The property market performed well in 2005.
Private residential property prices increased
by 3.9%. The high-end luxury market segment
led the price recovery with very strong
performance, particularly for niche projects.
Significantly, transaction volumes increased
by 55% from 5,800 units in 2004 to 9,000
units in 2005. In Q4, HDB Resale Price Index
also registered some improvement.
The office sector has also done well. Office
values increased by 4.5% while rental
improved significantly by 12.7%. Meanwhile,
average occupancy also improved by 3.2%.
The retail sector, likewise, has done well.
Group Performance
For the year ended 31 December 2005,
excluding the Group’s share of revenue from
jointly-controlled entities which has not been
consolidated, Group revenue amounted to
$2,374.3 million (restated 2004: $2,380.1
million). Profit from operations increased
by 24% to $497.7 million (restated 2004:
$400.4 million). After accounting for lower
finance costs incurred in the year, the Group’s
profit before share of results of associates and
jointly-controlled entities increased by 56%
to $345.2 million (restated 2004: $222.1
million).
Pre-tax profit of $403.9 million (restated 2004:
$502.6 million) was achieved whilst profit
after tax and minority interests amounted
to $200.4 million (restated 2004: $227.1
million). Higher profits were achieved in year
2004 mainly on account of greater profit contributions from jointly-controlled entities
arising primarily from the sale of The Plaza,
New York.
Although the Financial Reporting Standard
(FRS) allows the option for investment
properties to be stated either at depreciated
cost or at valuation, the Group has continued
to be the only listed Singapore property
company that has adopted a conservative
accounting policy of depreciating its
investment properties.
During the year, the Group also reduced its
borrowings by 10% to $3.60 billion (2004:
$4.02 billion).
In view of the good operational results and
the expected strong cash flow of the Group,
the Board recommends the payment of an
additional special ordinary dividend of 5 cents
per share, in addition to the normal ordinary
dividend of 7.5 cents per share.
Property
2005 was an active year for the Group. The
Group sealed its leadership position as the
top seller of private residential property for
2005. It sold almost 2,100 residential property
units, which is equivalent to the market share
of over 23%. This remarkable achievement
represents a 108% increase compared to the
Group’s property sales in 2004. For 2005,
the Group’s property sales value amounted to
$1.66 billion.
City Square Residences, the 910-unit
condominium, located at the junction of
Serangoon and Kitchener Roads, which was
launched in April 2005 with overwhelming
response, is now 90% sold.
The most spectacular launch of the year was
the 430-unit Tower 2 of The Sail @ Marina
Bay. Launched in late October 2005, over
400 units were snapped up within one week.

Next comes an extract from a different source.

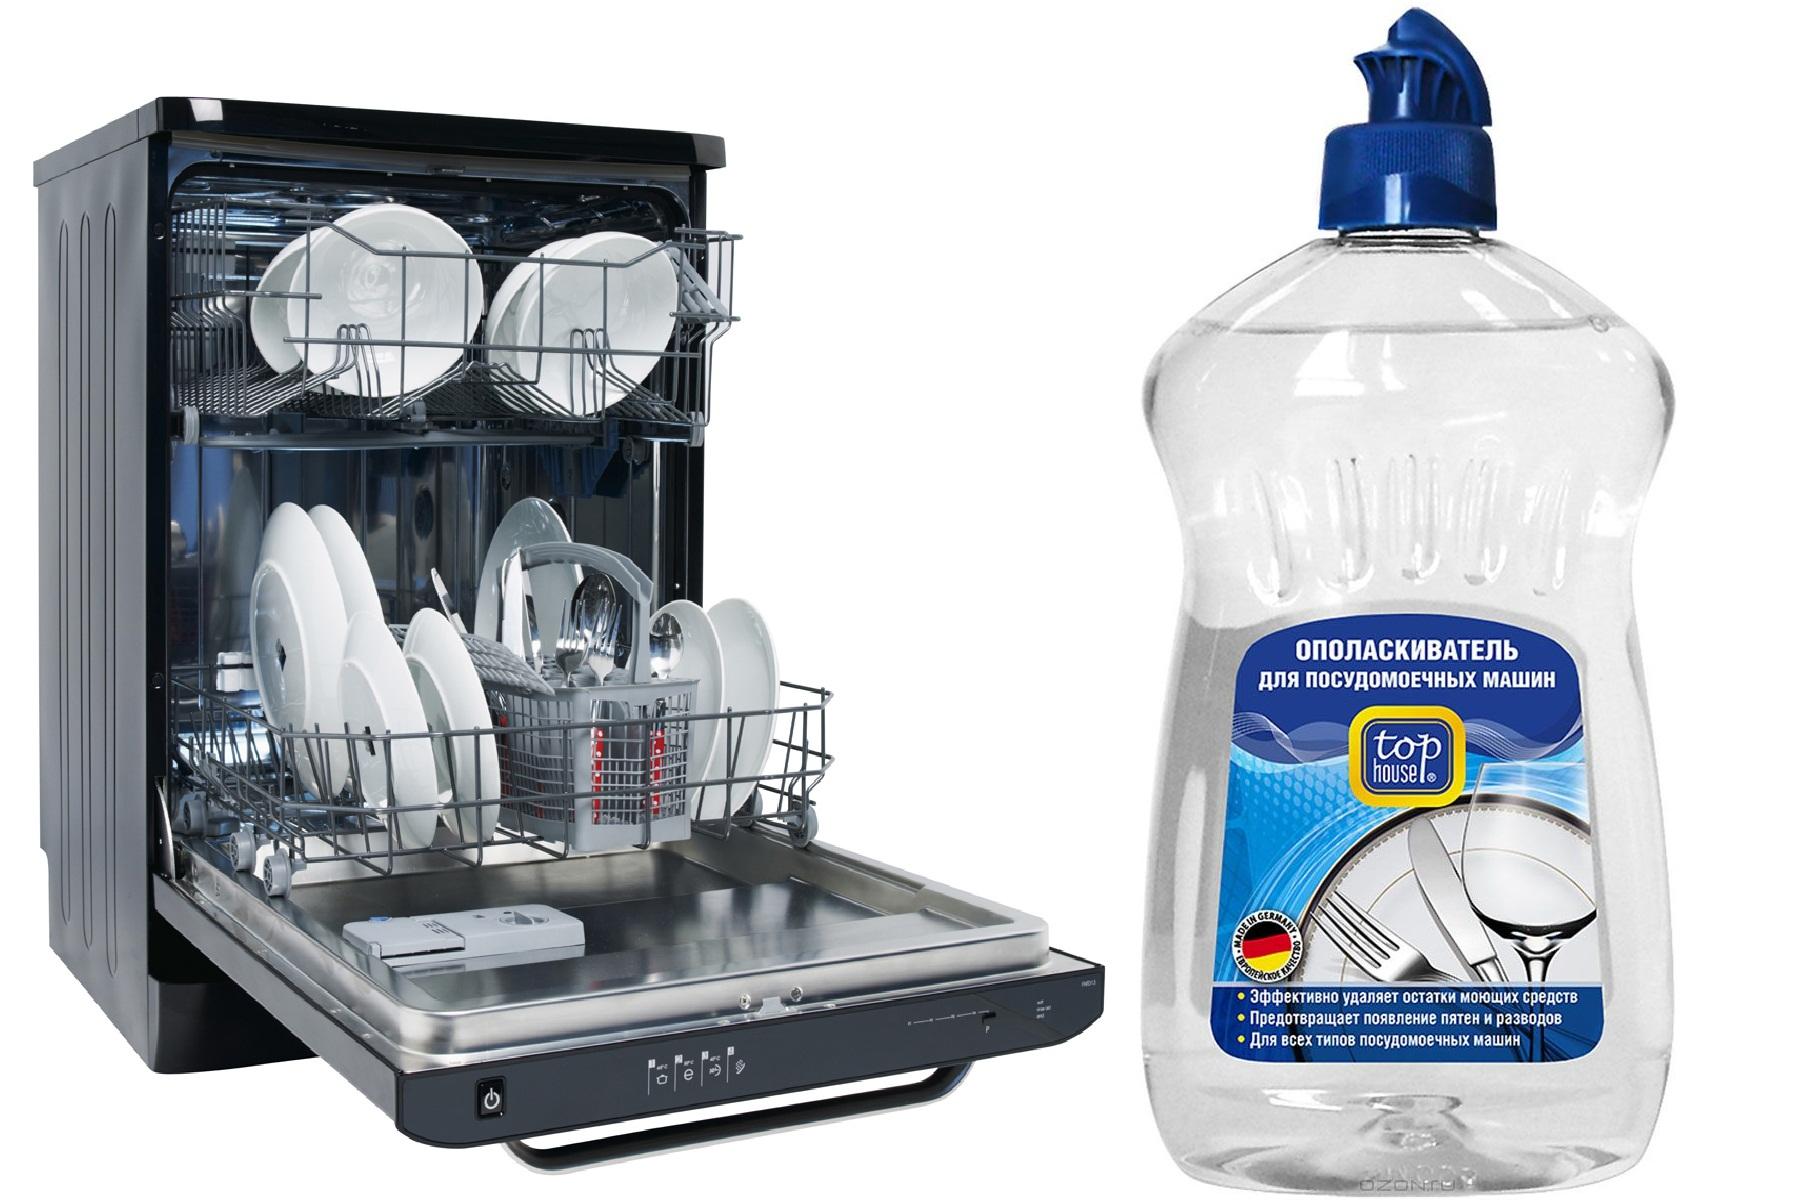 Ополаскиватель для посудомоечной машины - покупной и самодельный

The project is now almost fully sold, with only
3 units remaining.
The 295-unit Parc Emily, which is located
in the quiet enclave of Mount Emily Park in
downtown District 9 also contributed to the
sales. This development, in which the Group
has a 50% share, was also well received. To-date,
89% of the project has been sold.
The sales of The Sail @ Marina Bay and
City Square Residences were overwhelming.
However, these high-rise developments,
especially The Sail @ Marina Bay, are still
in the preliminary construction stage as
they require specialised deep-foundation
engineering and construction works.
Thus, in accordance with the accounting policy
of recognising profit based on progressive
stages of construction, only a relatively small
percentage of profit has been recognised in
2005 for these two developments. As the
construction progresses, more profits will
be recognised progressively from the current
year.
During the year, profits were also realised
from existing projects such as Savannah
CondoPark, The Pier at Robertson, The
Esparis and Monterey Park.
The office market has fared well with improving
occupancy and rental rates. The office
portfolio in the Group now enjoys occupancy
of over 90%. Rental rates will be adjusted
upwards in line with the market trend when
existing leases are due for renewal.
Meanwhile, leasing of the Exchange Tower
in Bangkok is progressing well with strong
interest from numerous prospective tenants.
This Grade A office tower and a modern retail
mall, offers approximately 455,000 sq. feet of
lettable area.
The proposed sale of the portfolio of
11 properties to Suntec REIT was not
proceeded with as reported in our Q3 results
announcement. The Group has reserved the
right to take legal action on the matter.
In December 2005, the Group announced
that it had entered into a memorandum of
understanding with Las Vegas Sands Corp.
(Sands), to take a 15% equity stake in relation
to the bid for the Integrated Resort (IR) in
Marina Bay. Subsequently, upon clarification
on some of the regulatory requirements, the
Group, with the agreement of Sands, decided
not to participate, but will continue to provide
expertise and counsel on the non-gaming
aspects of Sands’ proposal, particularly in
those areas relating to design, development
and construction planning.
The IR is an exciting opportunity to help
transform Singapore’s new downtown
cityscape. With over 40 years of experience
in the local market, the Group remains
committed to value-add to Sands’ proposal
and developing an IR concept that has strong
tourism appeal and that will dynamically
transform this city.
As a property developer and owner of an
extensive portfolio of properties and land
bank, the Group will definitely benefit from
the spin-offs from the IR. In addition, the
Group’s hotels in Singapore will also be able
to capitalise on the increase in tourism.
Hotel
In 2005, Millennium & Copthorne Hotels plc
(M&C), in which the Group has 52% interest,
delivered strong growth in profitability.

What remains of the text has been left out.